Given material -
========

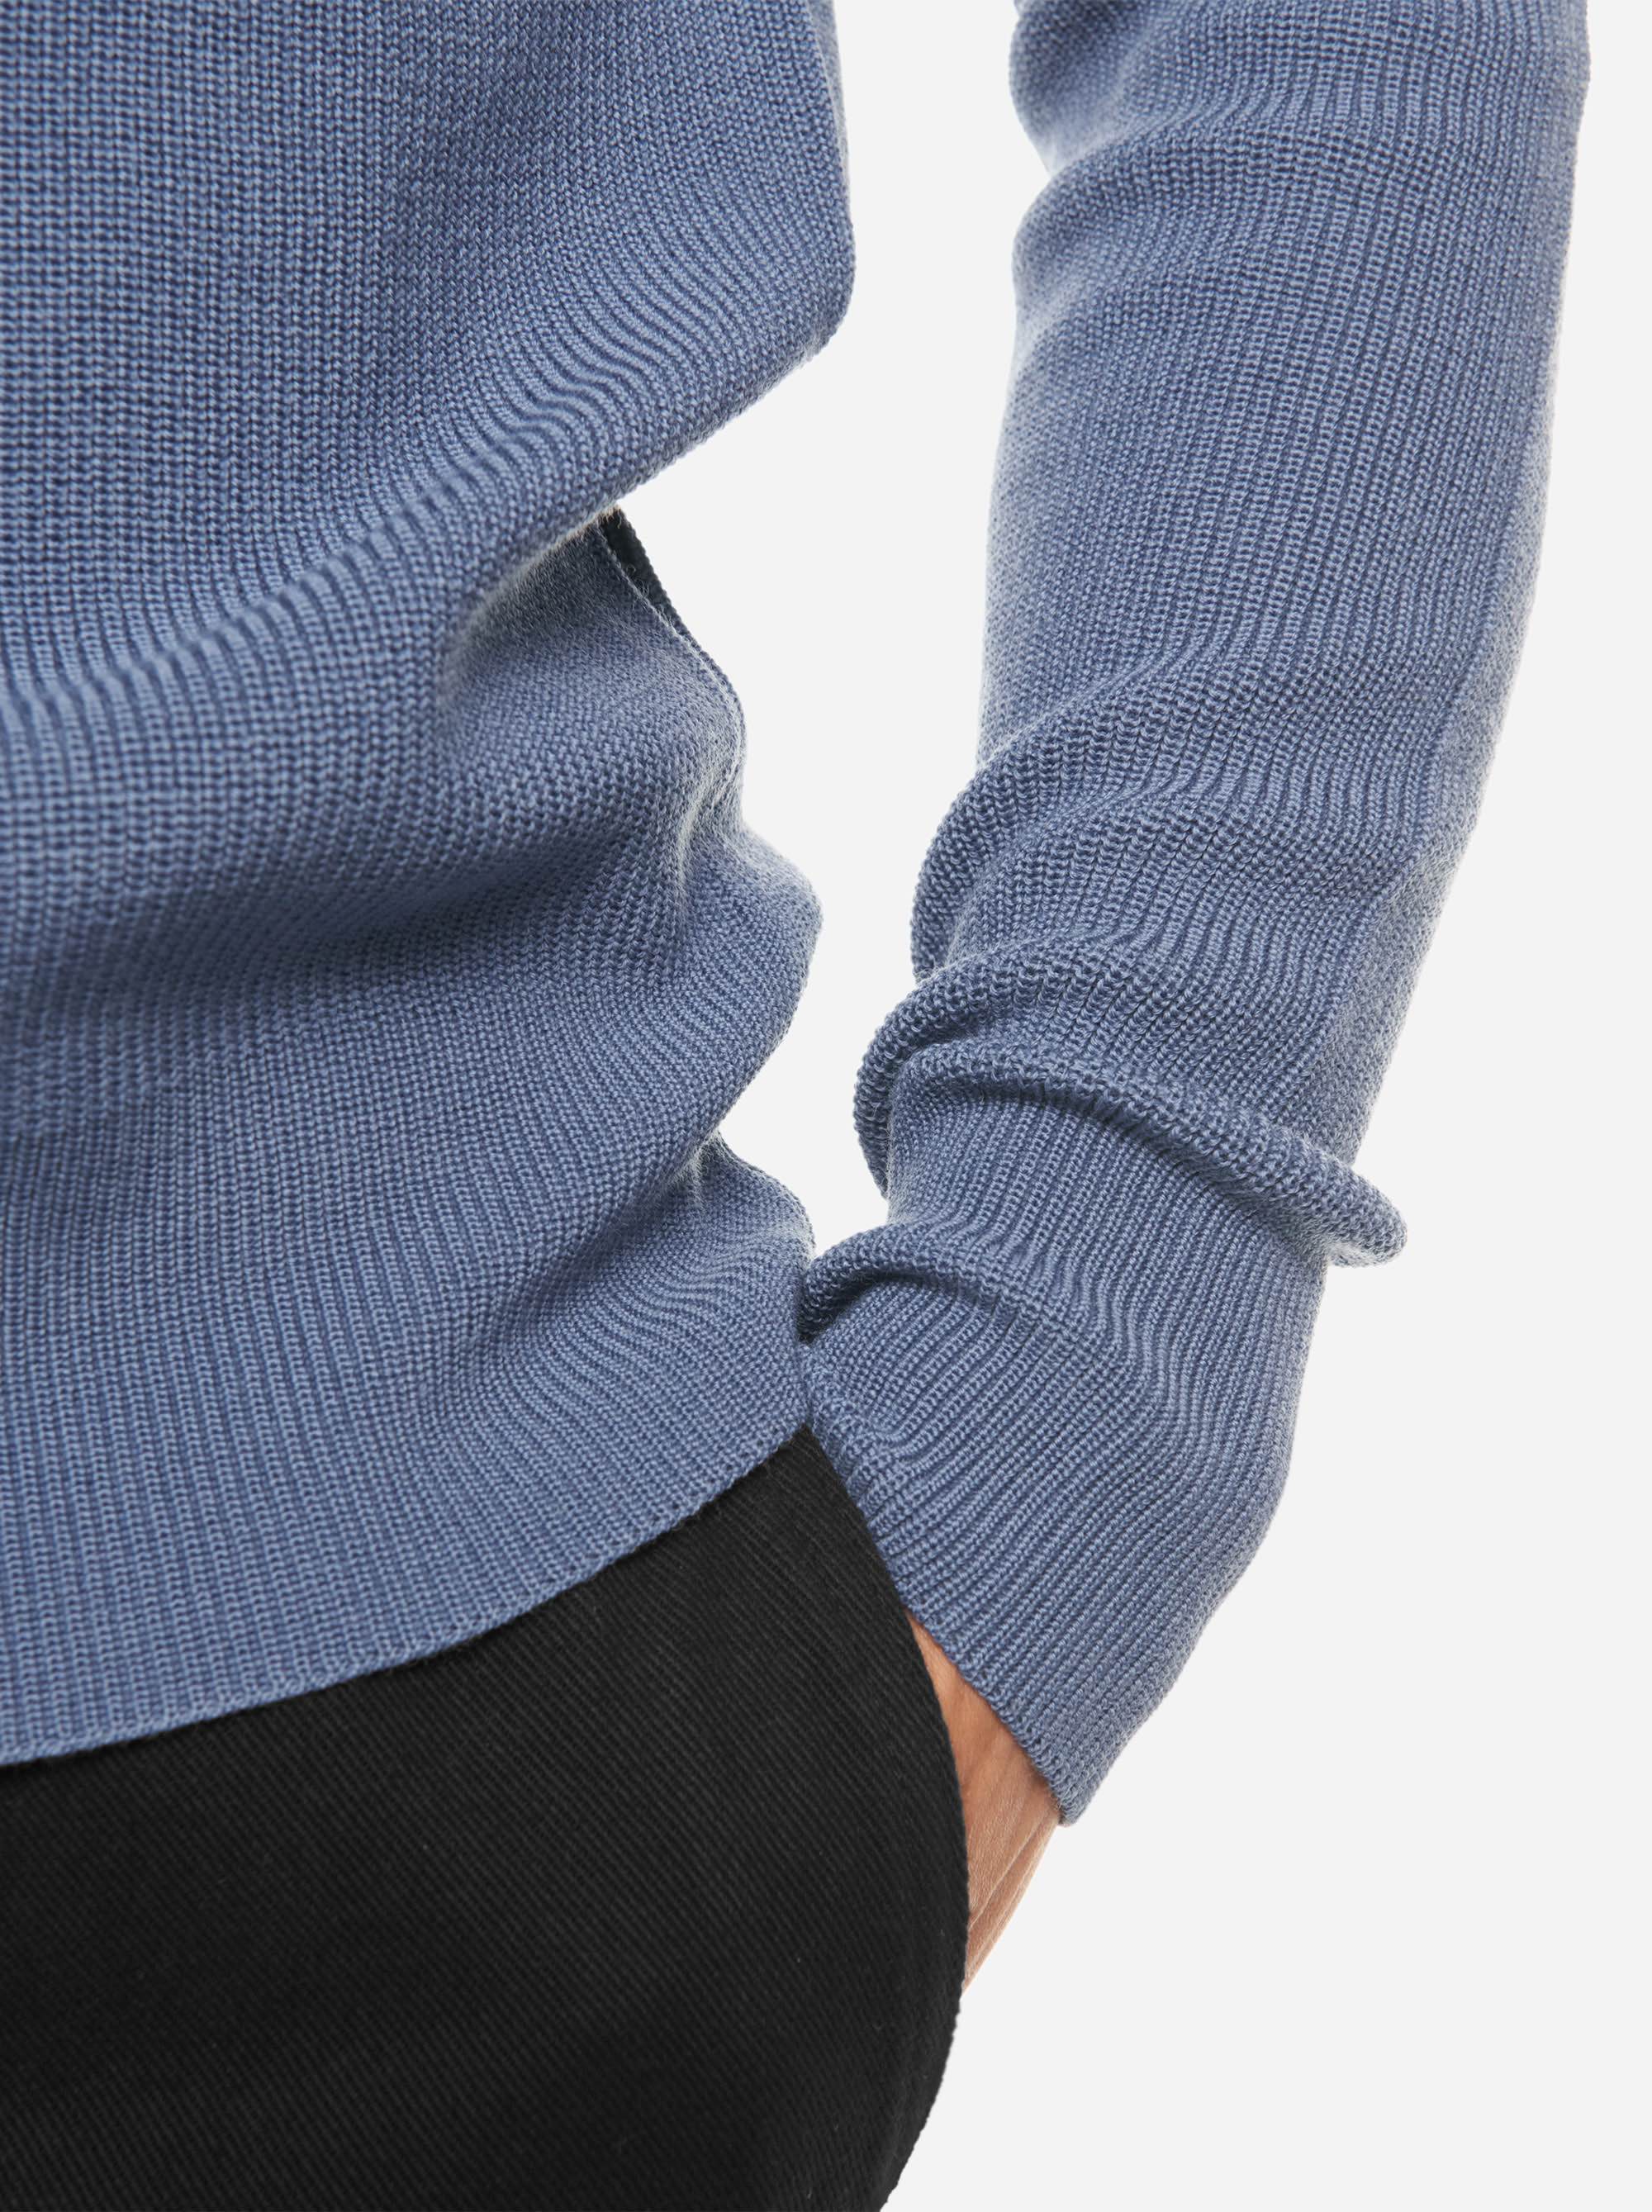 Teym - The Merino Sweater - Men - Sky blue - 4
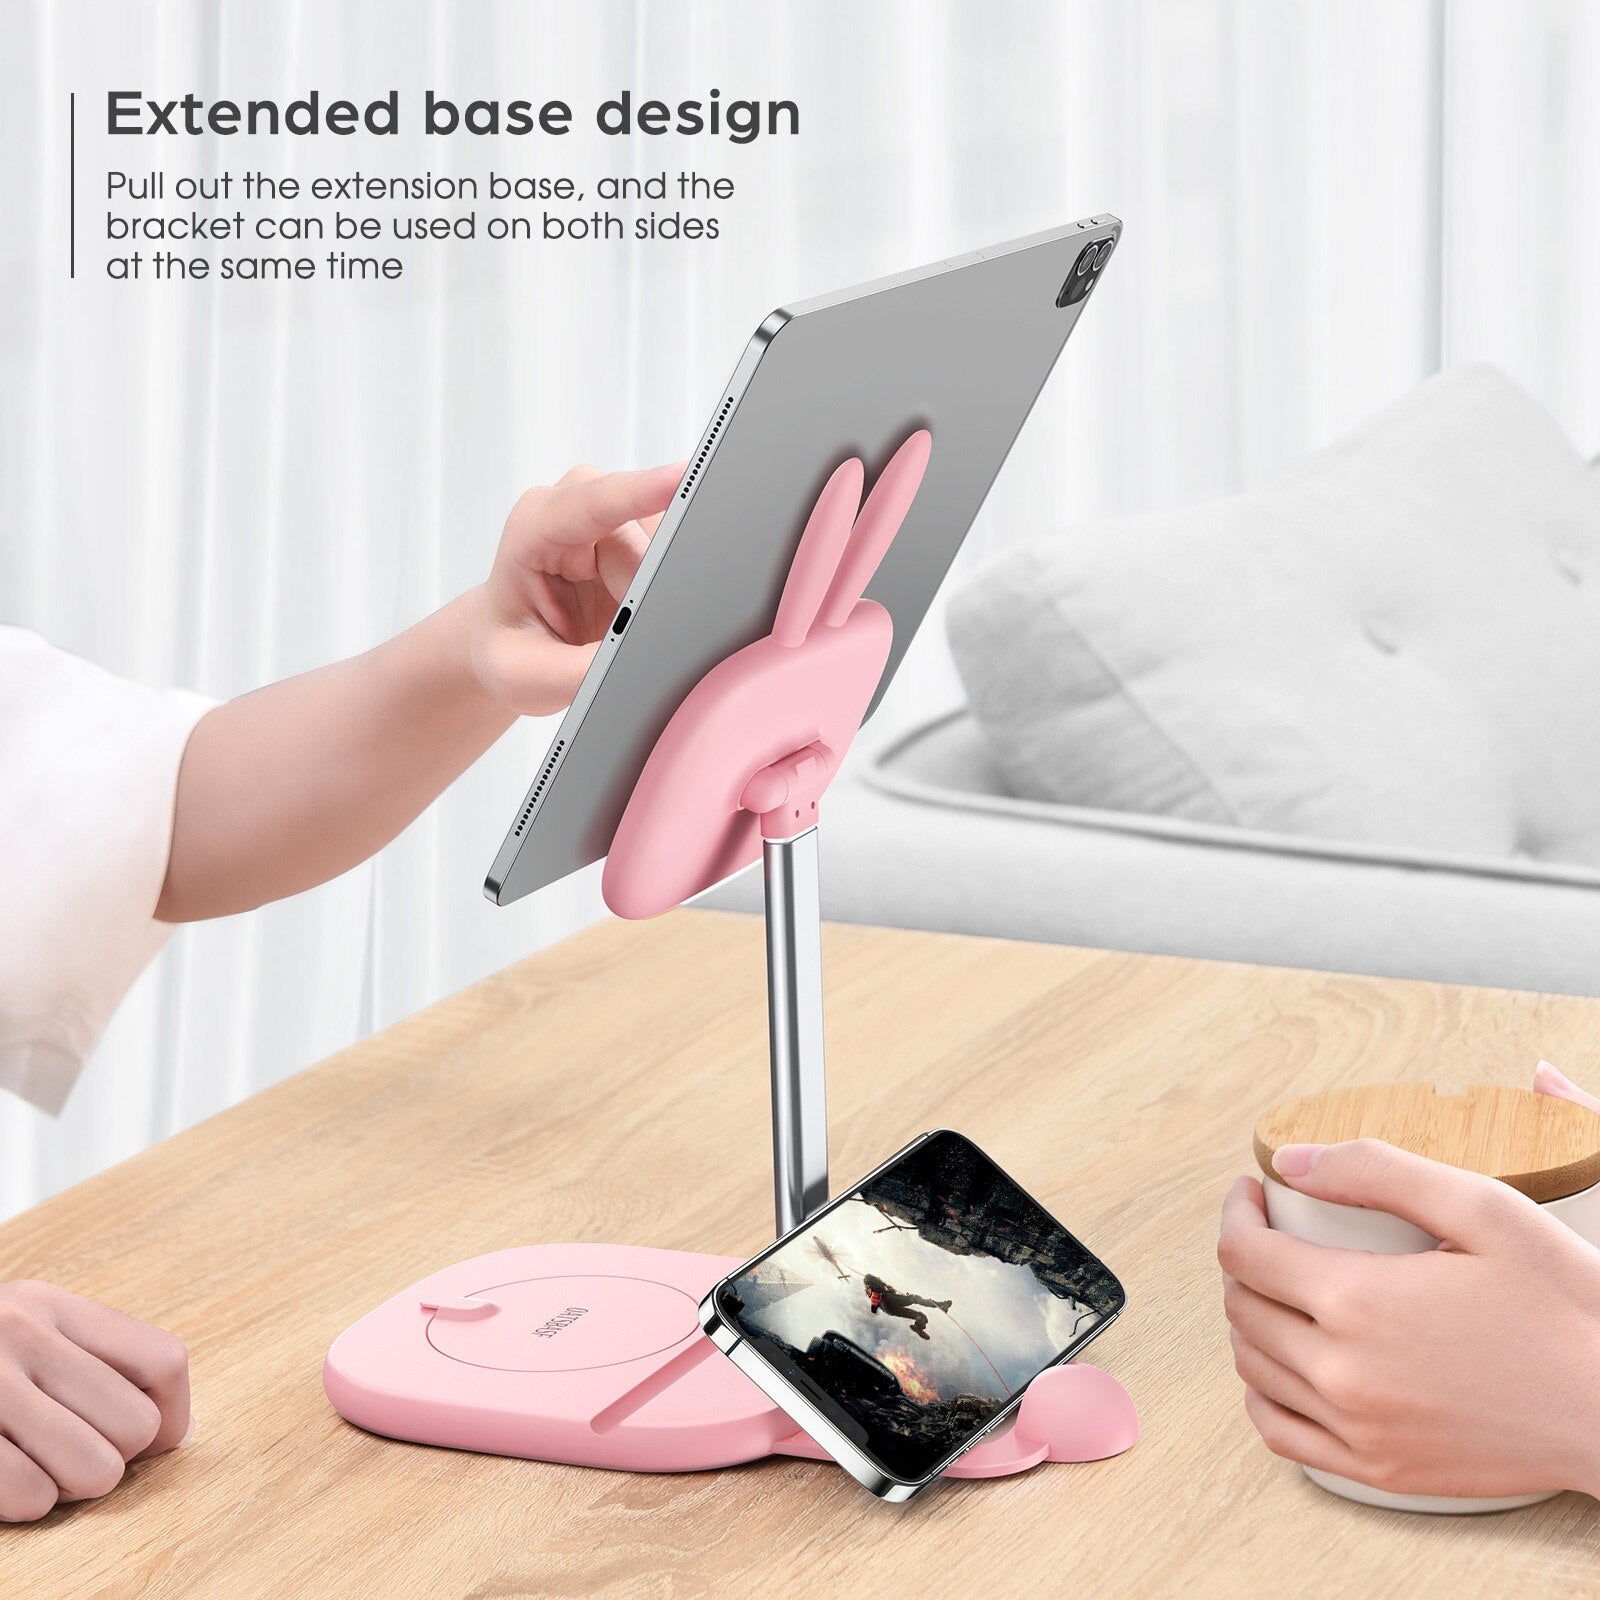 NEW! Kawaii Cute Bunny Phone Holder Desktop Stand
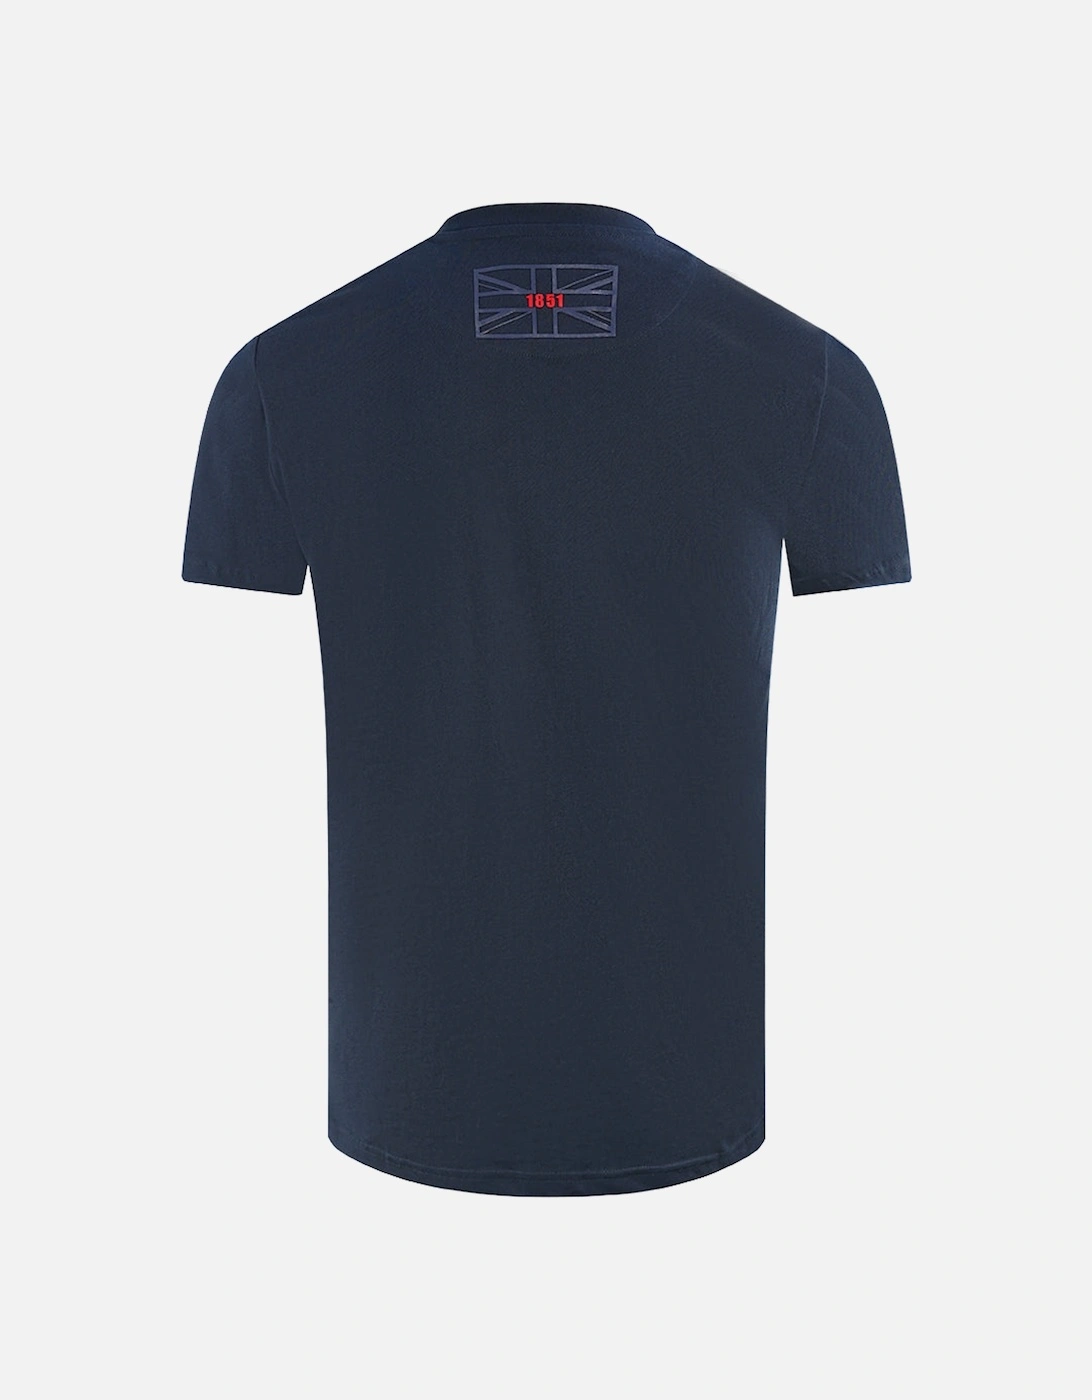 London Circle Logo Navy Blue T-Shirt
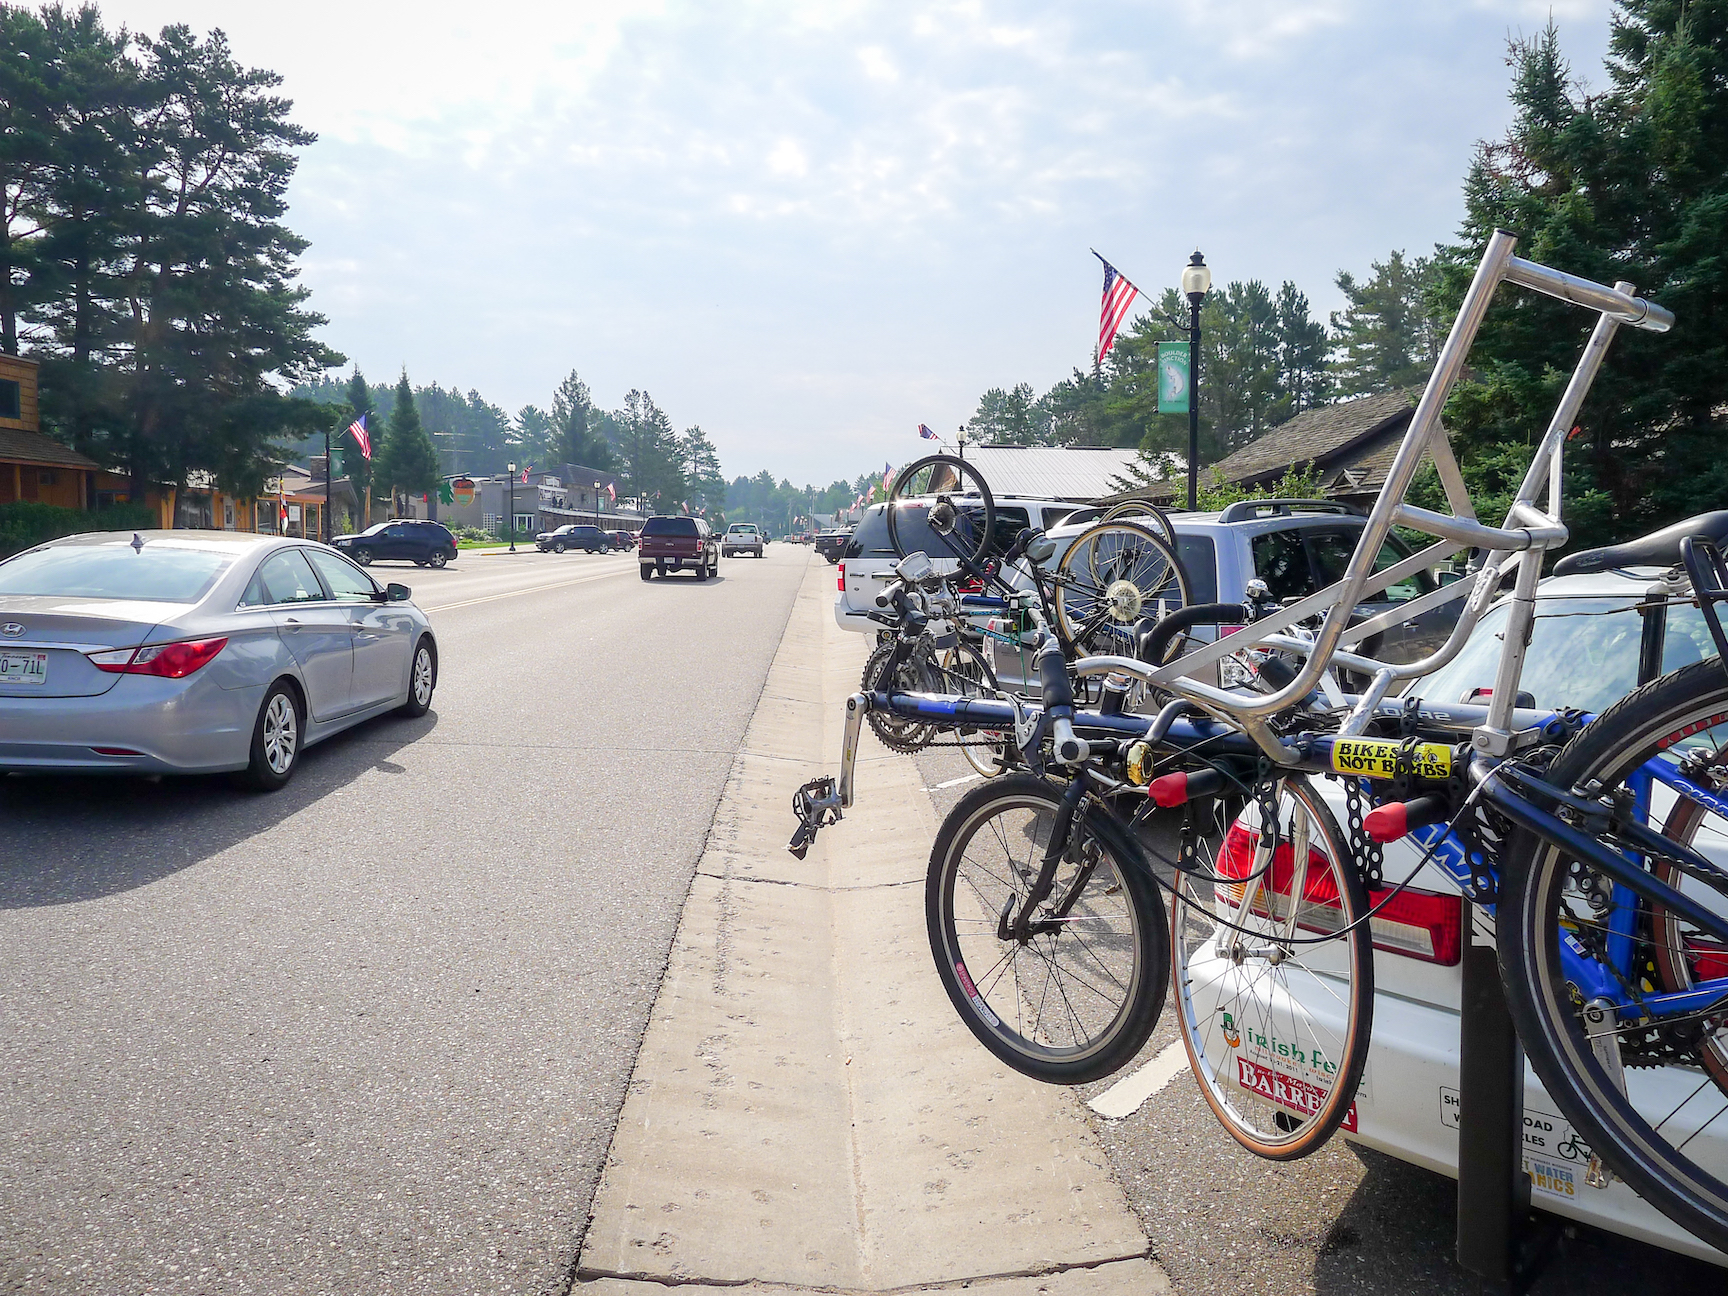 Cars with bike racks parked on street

========

What this task involves - Each line from the one holding "London Circle Logo Navy Blue T-Shirt" through the final line of the data needs to be transcribed exactly. Include both ends, skip the pictures, and add nothing.

Output of the task -
 London Circle Logo Navy Blue T-Shirt
 Cars with bike racks parked on street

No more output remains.